# Work order:
Print the data exactly as written, line for line, and leave its pictures behind.

# Input data:
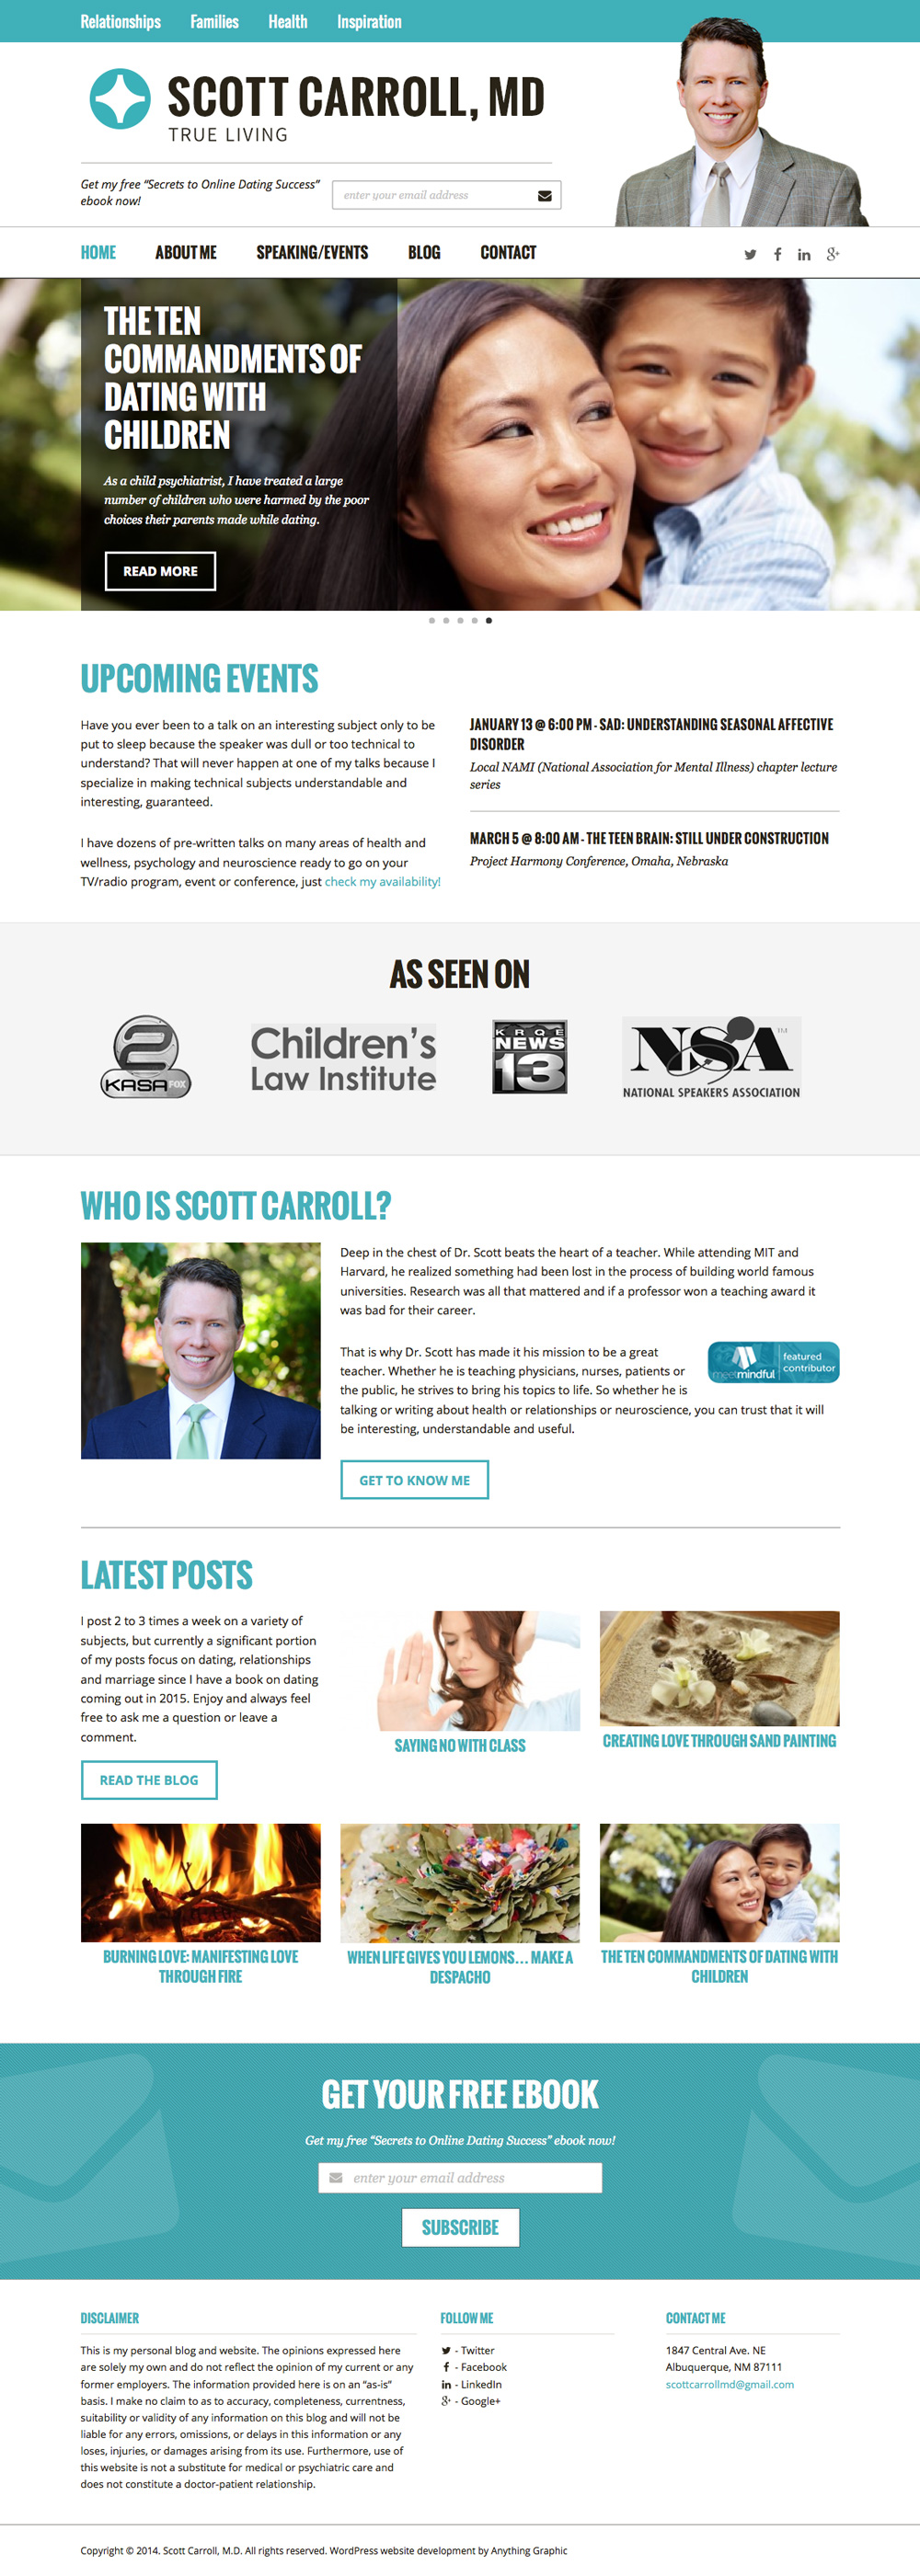 Scott Carroll M.D. - Custom Website Design & WordPress Development
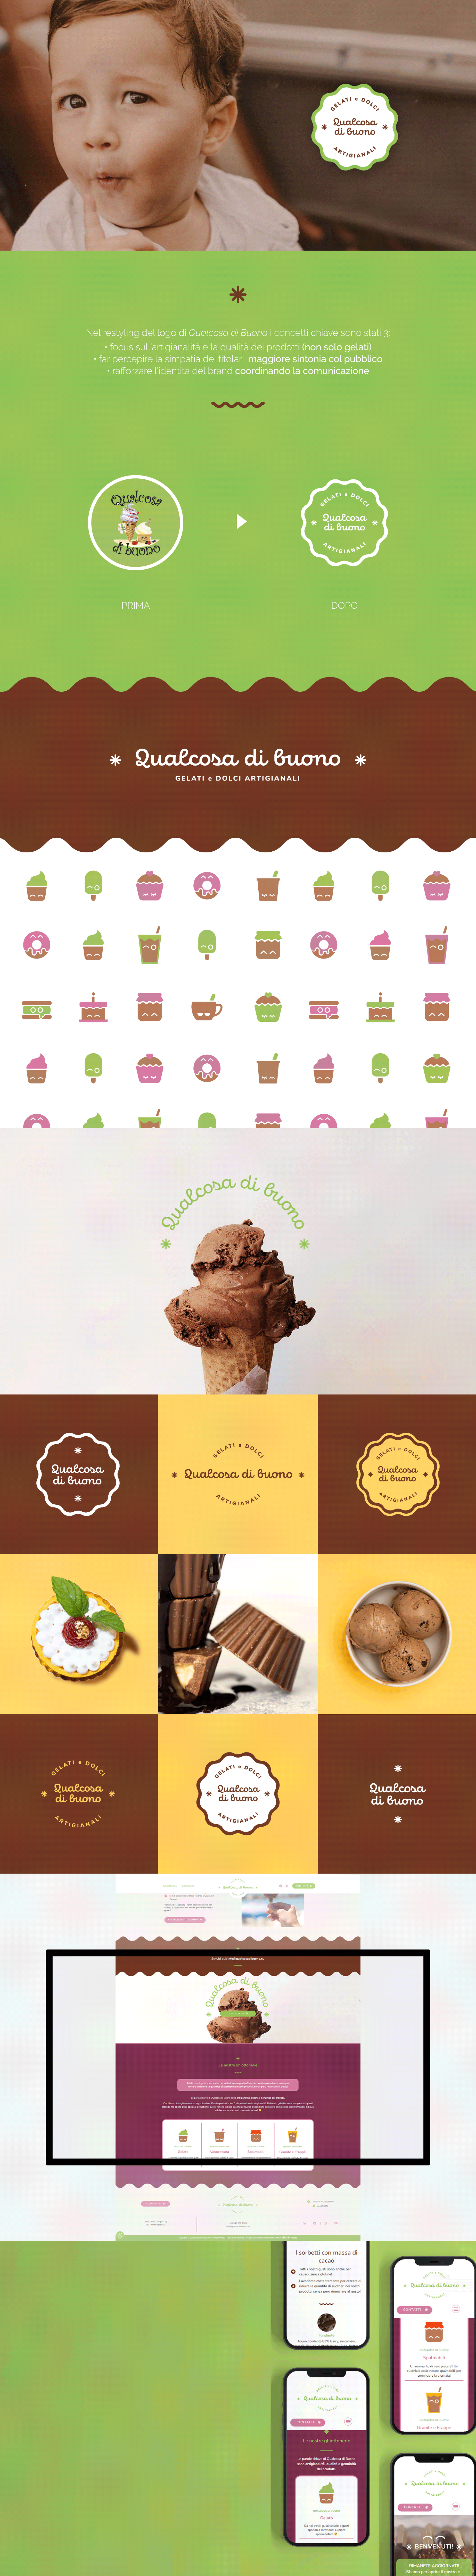 Qualcosa di buono thinkuplab gelateria pasticceria genova - logo design progettazione grafica sito web
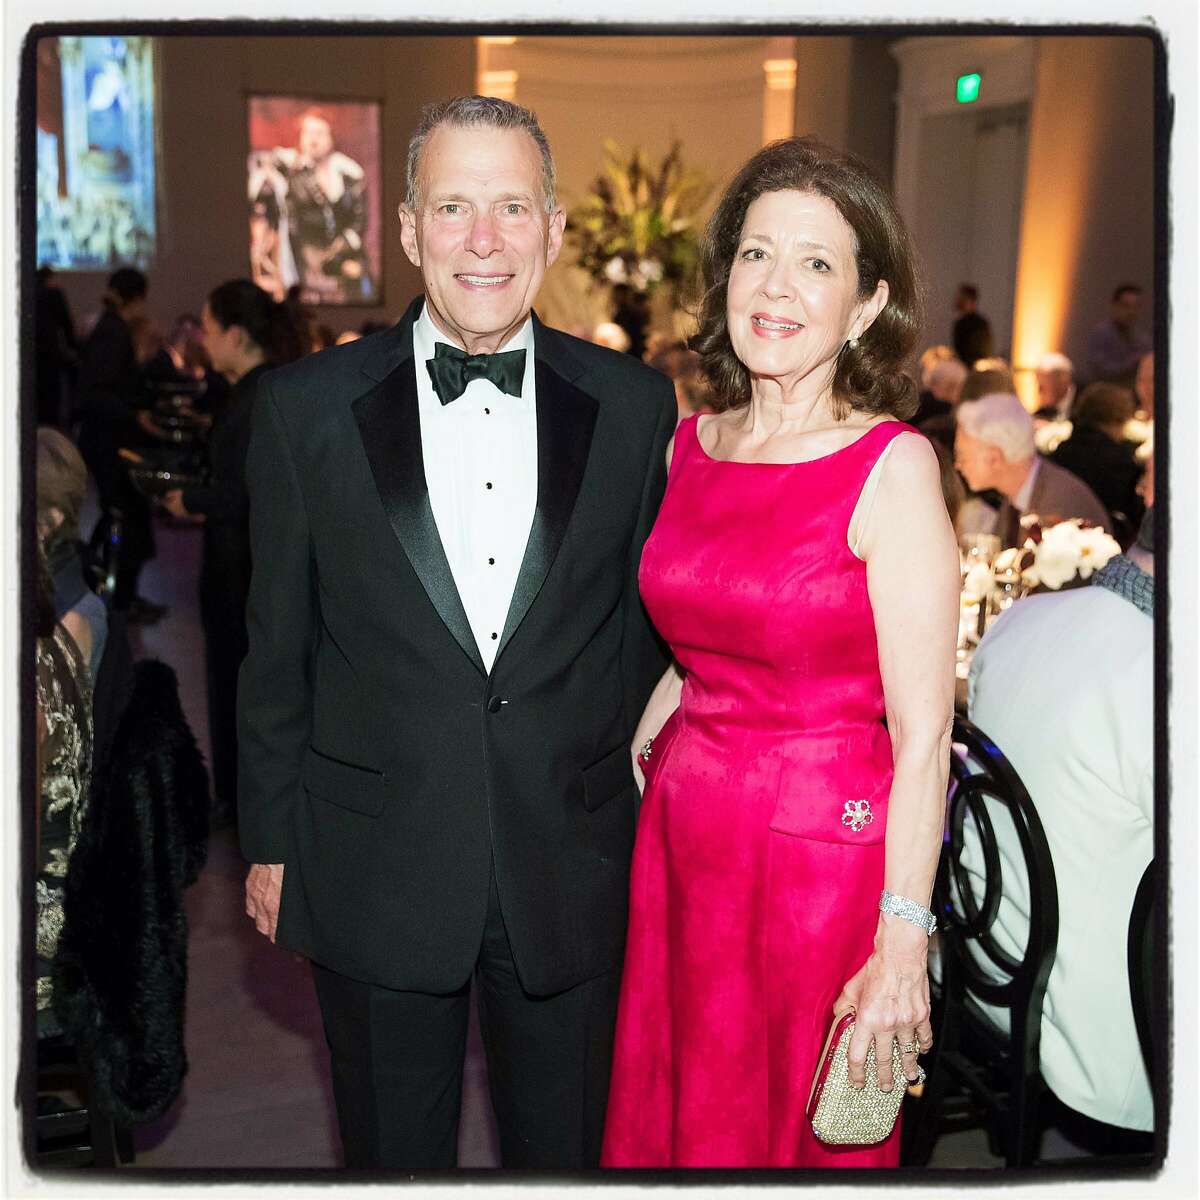 SF Opera General Director Emeritus David Gockley and his partner, Linda Kempner, at the dinner-concert in his honor. June 2016. By Drew Altizer.

# Response to this exercise:
 Scott Carroll M.D. - Custom Website Design & WordPress Development
 Qualcosa di buono thinkuplab gelateria pasticceria genova - logo design progettazione grafica sito web
 SF Opera General Director Emeritus David Gockley and his partner, Linda Kempner, at the dinner-concert in his honor. June 2016. By Drew Altizer.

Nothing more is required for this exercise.